Read the first sentence after SOLUTION in the picture: "Assume that ε > 0 is given " You can require that both functions deviate from their limit less than half of the given ε.

3. Jan 14, 2015

### ciubba

Yes, I saw that, but I also could have defined it as < ε/3 or 2piε/4. What is the significance of making it ε/2? I looked at a proof for the product limit laws and saw a similar technique employed.

4. Jan 14, 2015

### ehild

You have to find δ so as the deviation of the combined function f(x)+g(x) from its limit is less than ε. The simplest is to choose equal ε1 and ε2 for the functions f and g, so as ε1+ε2 = ε. But you have the freedom to choose ε/3 for one function and 2/3 ε for the other one, or anything else if they are positive and their sum is ε.

5. Jan 14, 2015

### Ray Vickson

It really does not matter.
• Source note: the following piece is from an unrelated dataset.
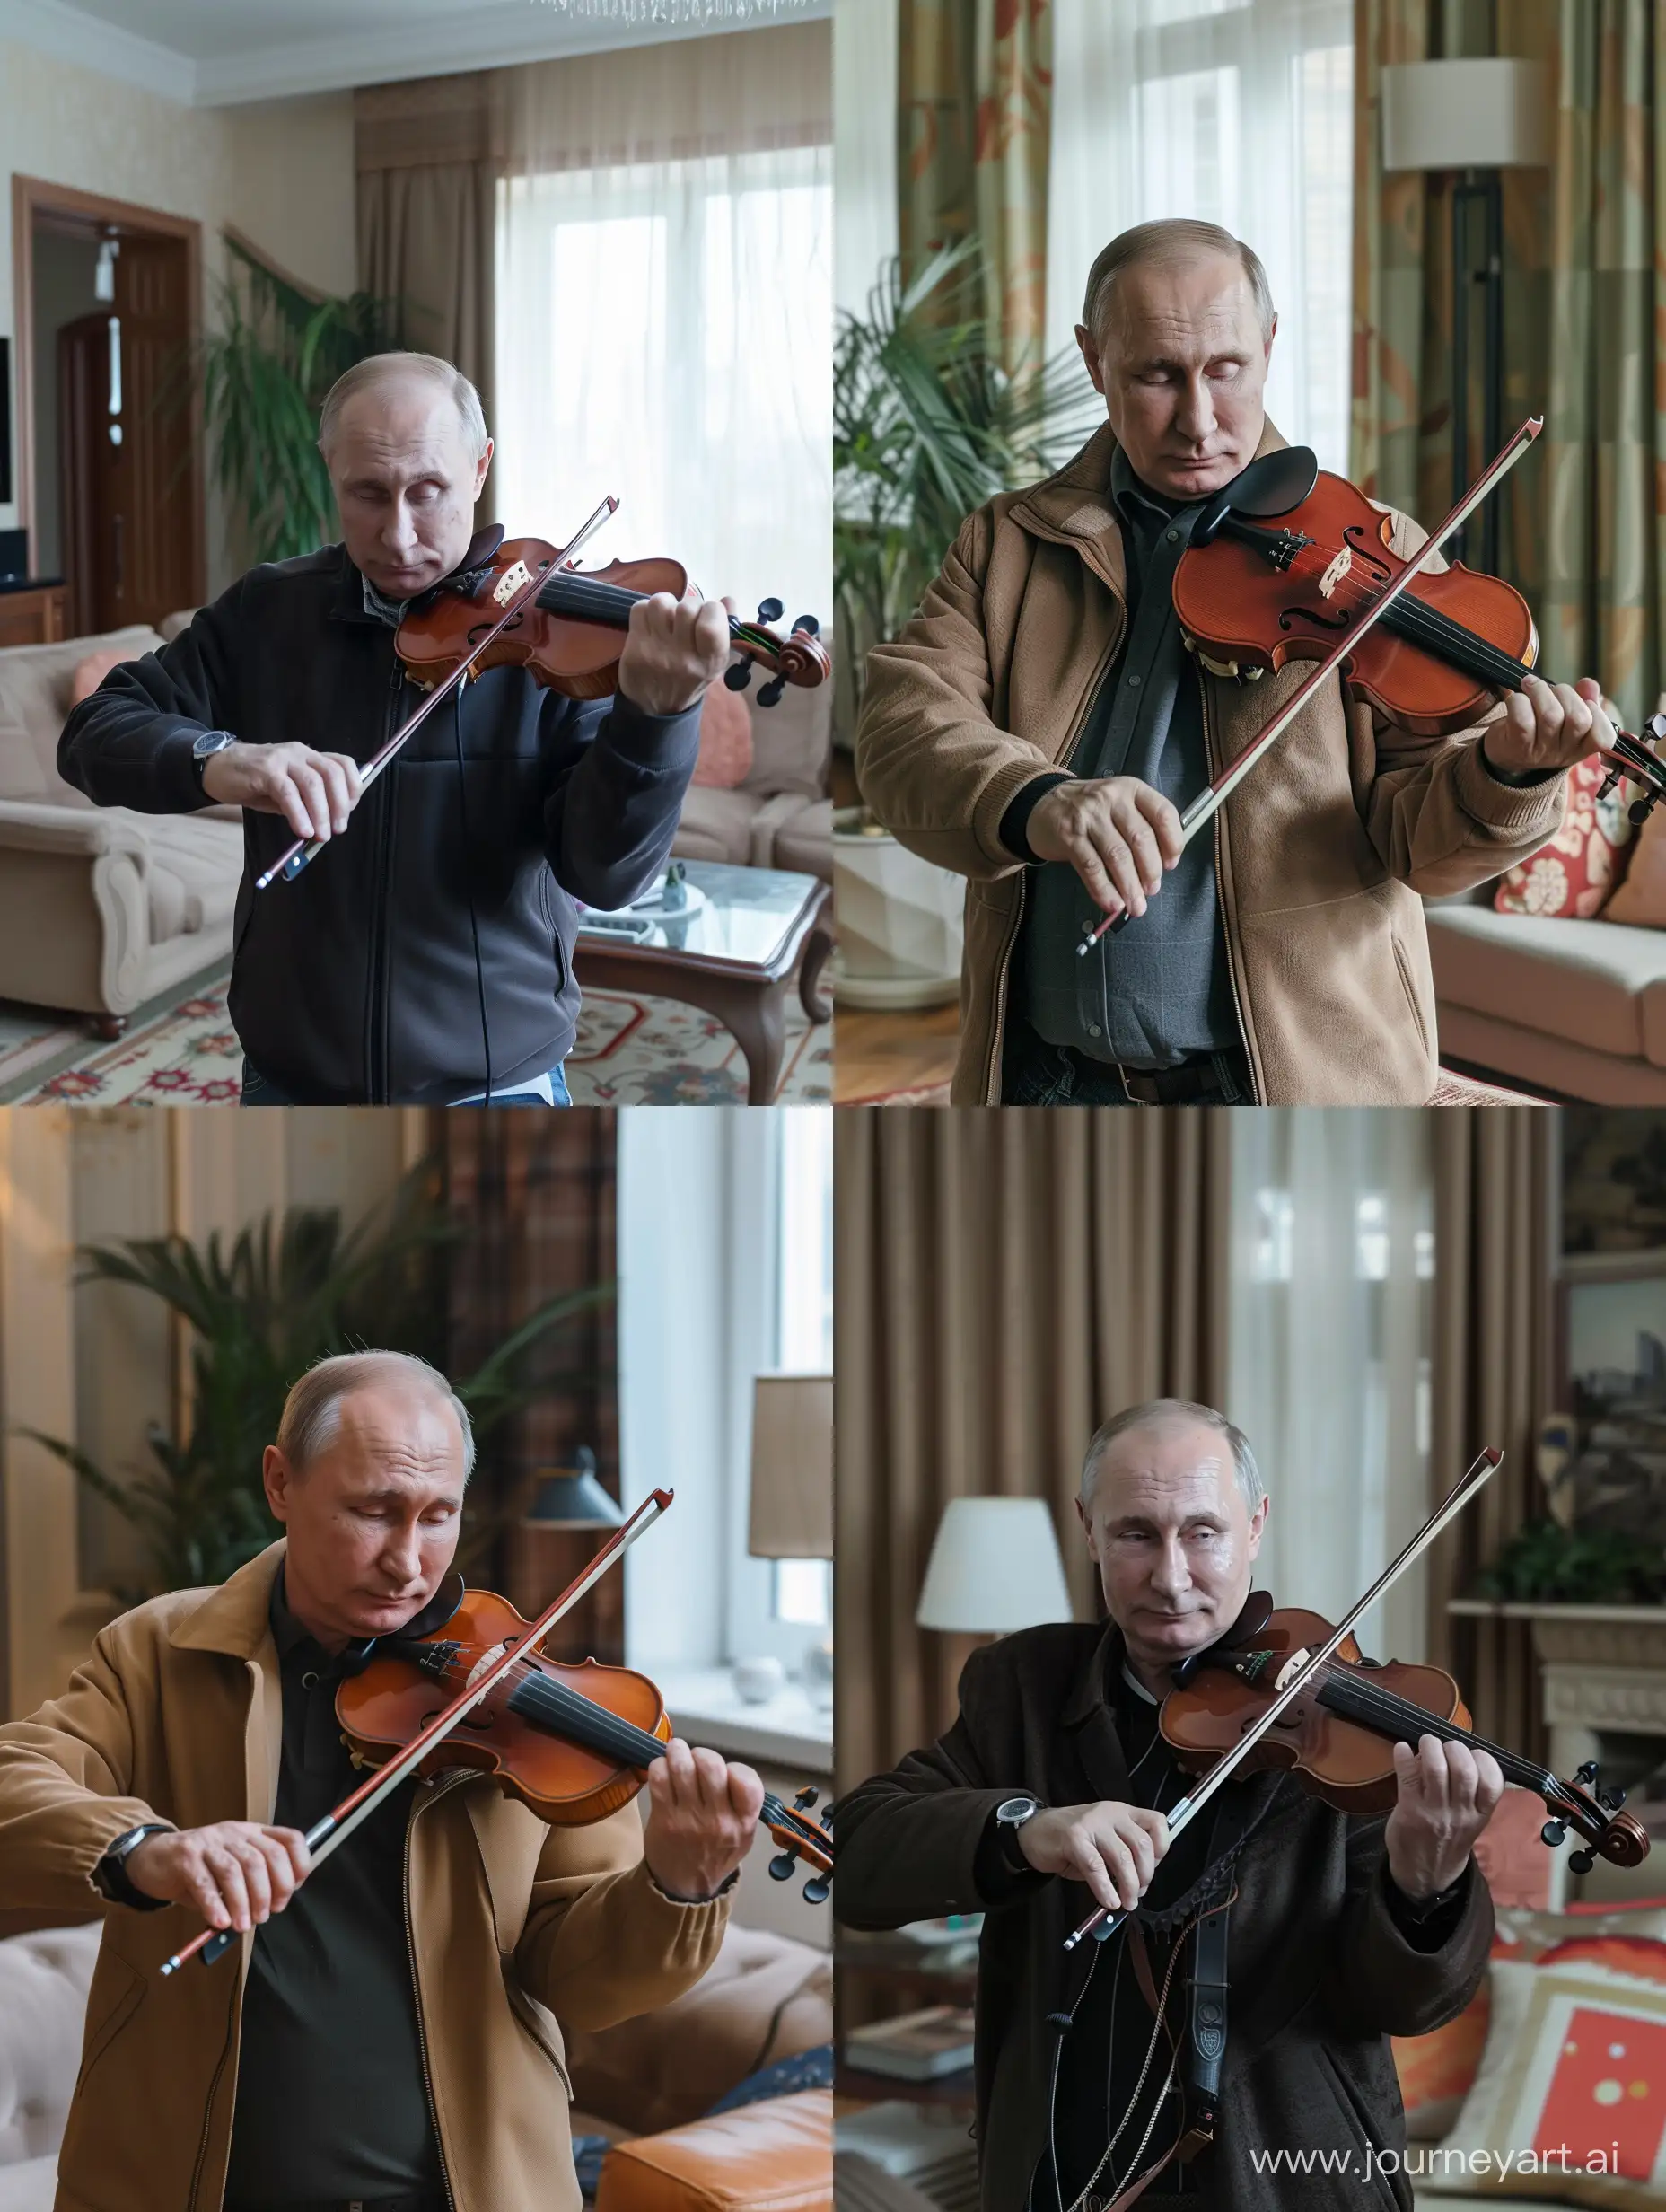 Vladimir-Putin-Playing-Violin-in-a-Living-Room

For any (small) $\epsilon' > 0$ we can find $\delta > 0$ such that $|f(x)-L| < 3 \epsilon'$ and $|g(x) -M |< 2 \pi \epsilon'$ for $|x - a| < \delta$. Then we have
$$|f(x) + g(x) - (L+M)| < (3 + 2 \pi) \epsilon'$$
for $|x-a| < \delta$. Now just put $\epsilon = (3 + 2 \pi) \epsilon'$. Given any (small) $\epsilon > 0$ we can thus find $\delta > 0$ such that $|f(x) + g(x) - (L+M)| < \epsilon$ if $|x-a| < \delta$. We do that by putting $\epsilon' = \epsilon/(3 + 2 \pi)$ and using the $\delta$ that goes along with $\epsilon'$. It is just a lot neater to put $\epsilon' = \epsilon/2$.